Bacteria Streptococcus strains, including S. salivarius (ATCC 19258), S. mitis (ATCC 49456), and S. anginosus (ATCC 700231) were obtained from ATCC and stored at -70˚C. For stimulation, an aliquot of bacteria was thawed on agar plates for overnight incubation at 37°C. The bacteria was then inoculated in brain heart infusion broth (ATCC medium 44) for logarithmic growth at 37° C and 5% CO2. The bacterial cells were then washed twice in PBS by centrifugation at 9000 g for 3 min each. Immediately before use, the bacterial cells were resuspended in sterile PBS supplemented with 2% BSA to a final concentration of OD 600 nm = 0.1 in a spectrophotometer.
T cell stimulation Peripheral blood mononuclear cells (PBMCs) were harvested from blood by density gradient separation with Ficoll (Sigma-Aldrich), and were then resuspended to a final concentration of 106 cells per mL in a 6-well plate (Corning). 10 µL of bacteria was then added to each mL of PBMCs.

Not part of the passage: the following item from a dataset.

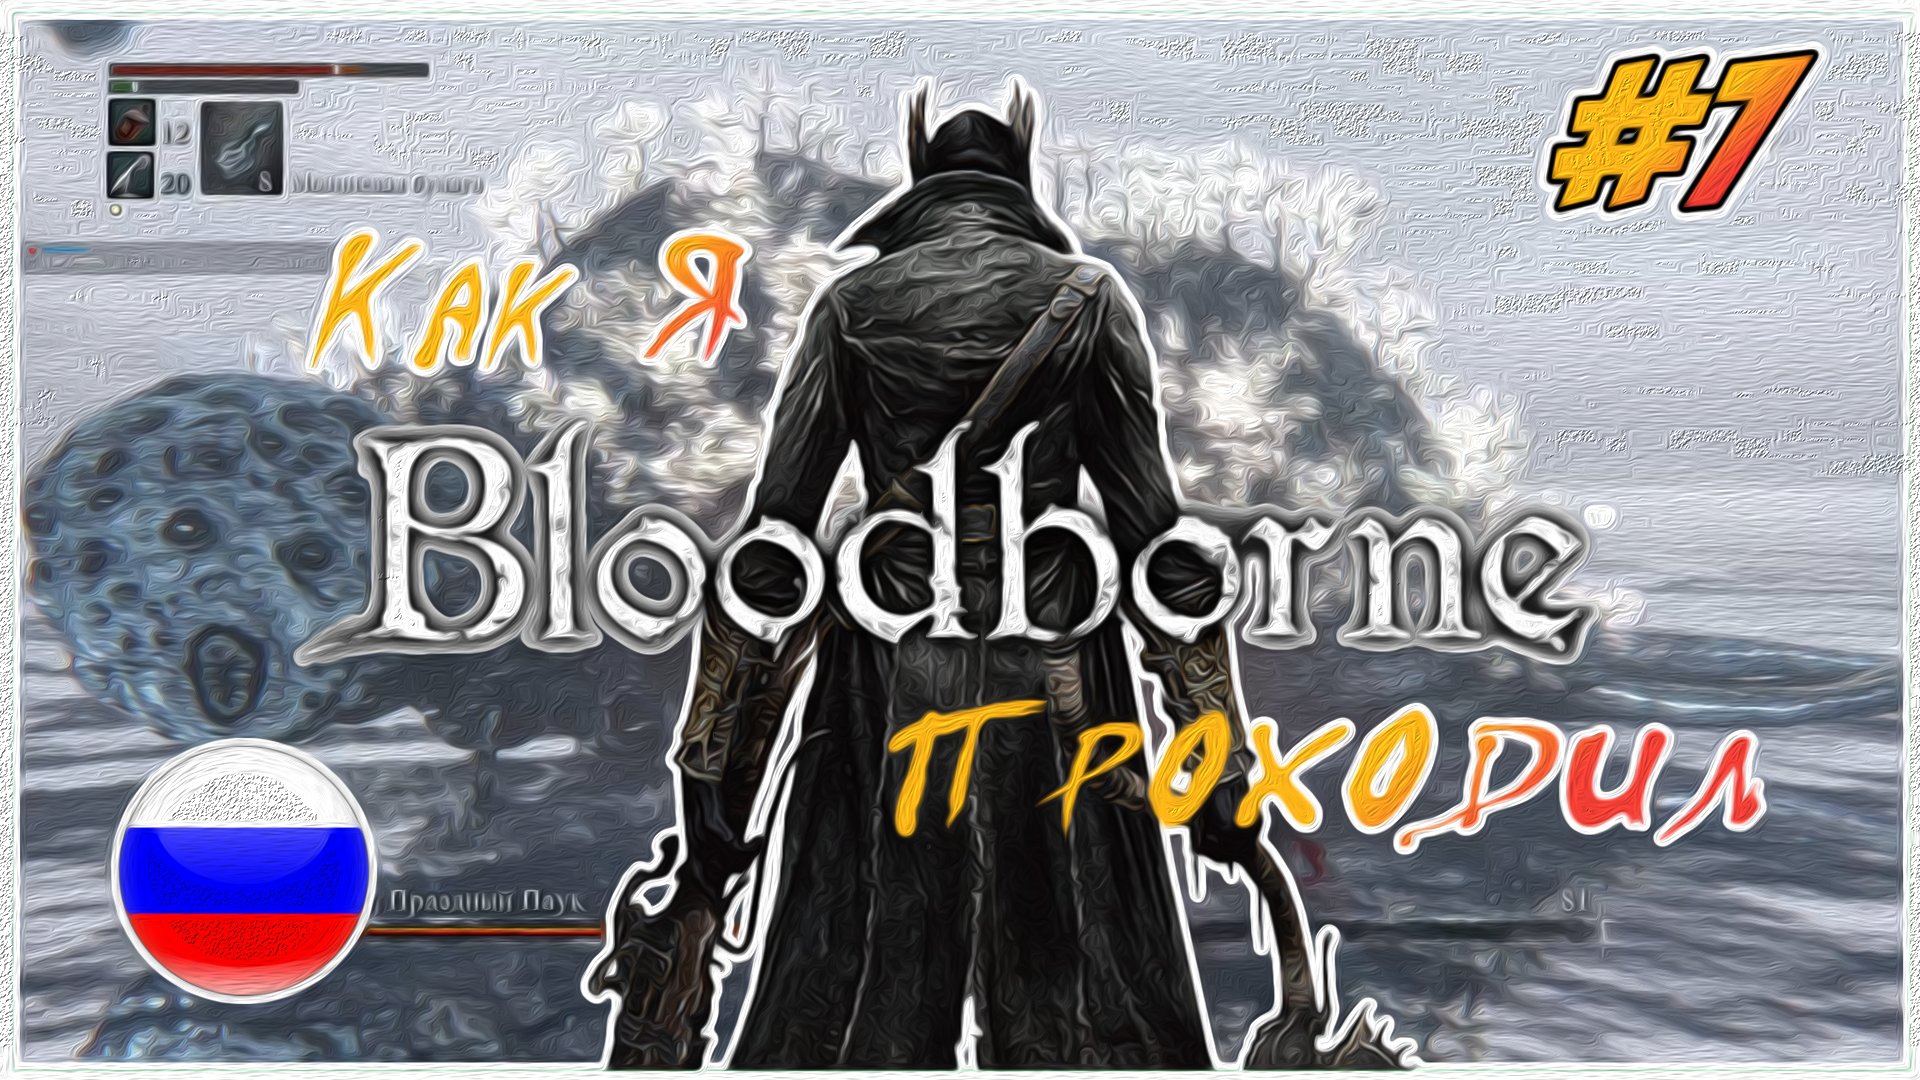 Как я Bloodborne проходил | PS4 #7

The PBMCs were then incubated for 2 h at 37˚C in a humidified CO2 incubator, and if intracellular staining was to be performed, 5 µg/mL of brefeldin A and 5 µg/mL of monensin (BD Pharmingen) was added 5 h before the end of the incubation. Human CD4 T Cell Enrichment kit and Human CD8 T Cell Enrichment kit (Stemcell) was used to magnetically isolate untouched CD4 T cells and CD8 T cells, respectively.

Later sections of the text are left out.